Also given in Fig. 5 is the frequency of occurrence of hourly averaged wind speeds greater than or equal to 7 or 10 m s−1 for each of the six stations. The probability of high winds differs among the six stations, with some sites more susceptible to high winds than others. Independence has the highest percentage (∼16%) of wind speeds greater than or equal to 7 m s−1, while Olancha has the lowest percentage (∼5%). There is a significant drop in the frequency of occurrence of wind speeds greater than or equal to 10 m s−1, but the pattern remains the same among the stations. The larger percentage of high winds at Independence may be related to its location in the southern Sierra Nevada below Kearsarge Pass, making the site more prone to the influence of strong downslope flows from the eastern slope of the Sierra Nevada. This is consistent with the wind roses for high winds shown in Fig. 5 where Independence is the only station that has westerly components.

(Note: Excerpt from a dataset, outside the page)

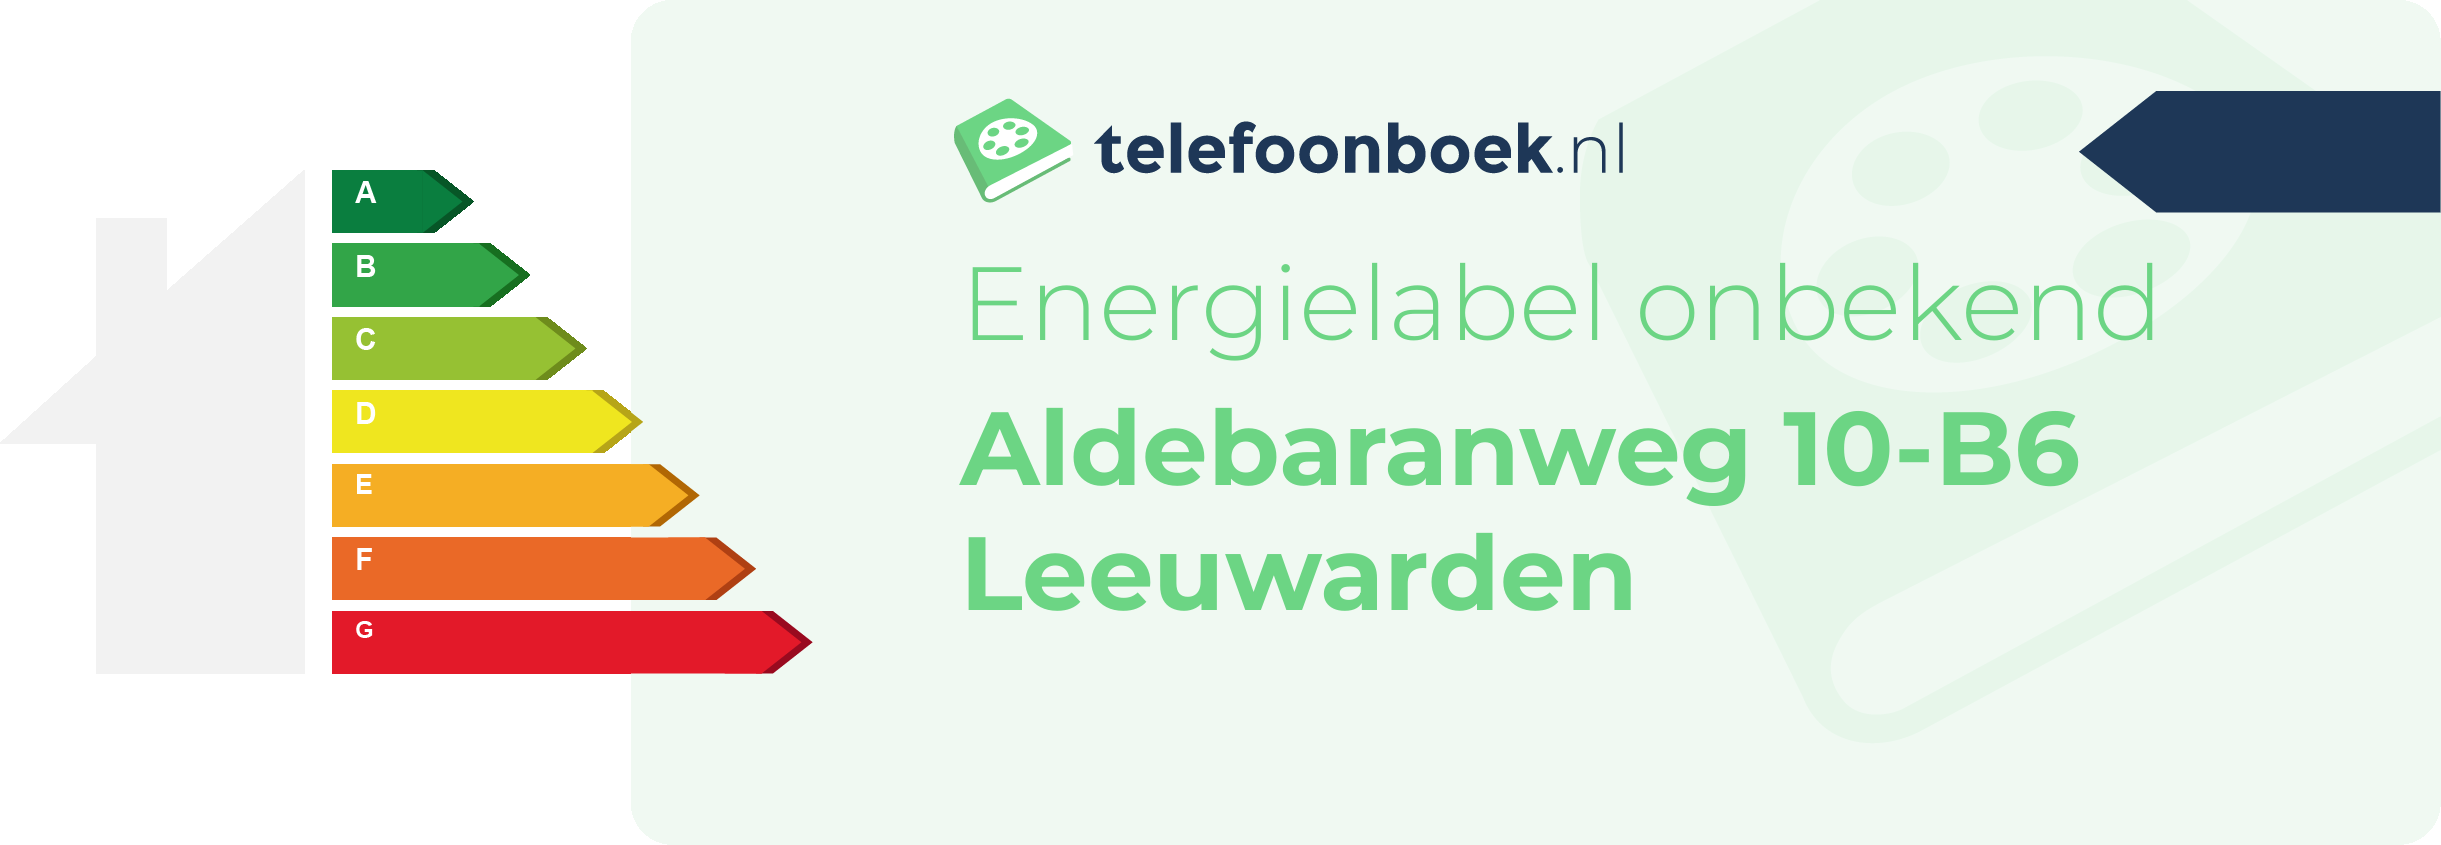 Energielabel Aldebaranweg 10-B6 Leeuwarden

To examine the seasonal variation of high wind events, we used the time period of 1988–91 when data are available at five of the six stations. We define a high wind event as one when three or more of the five stations have hourly average wind speeds that equal or exceed 7 m s−1. Figure 6 shows the percentages of the high wind events during the period examined that occur in each of the four seasons. The results indicate a strong seasonal variation with approximately 40% of all high wind events examined occurring in the spring season from March through May, followed by the fall season with 24%. The high wind events are less frequent during the rest of the year, with summer being the least frequent season.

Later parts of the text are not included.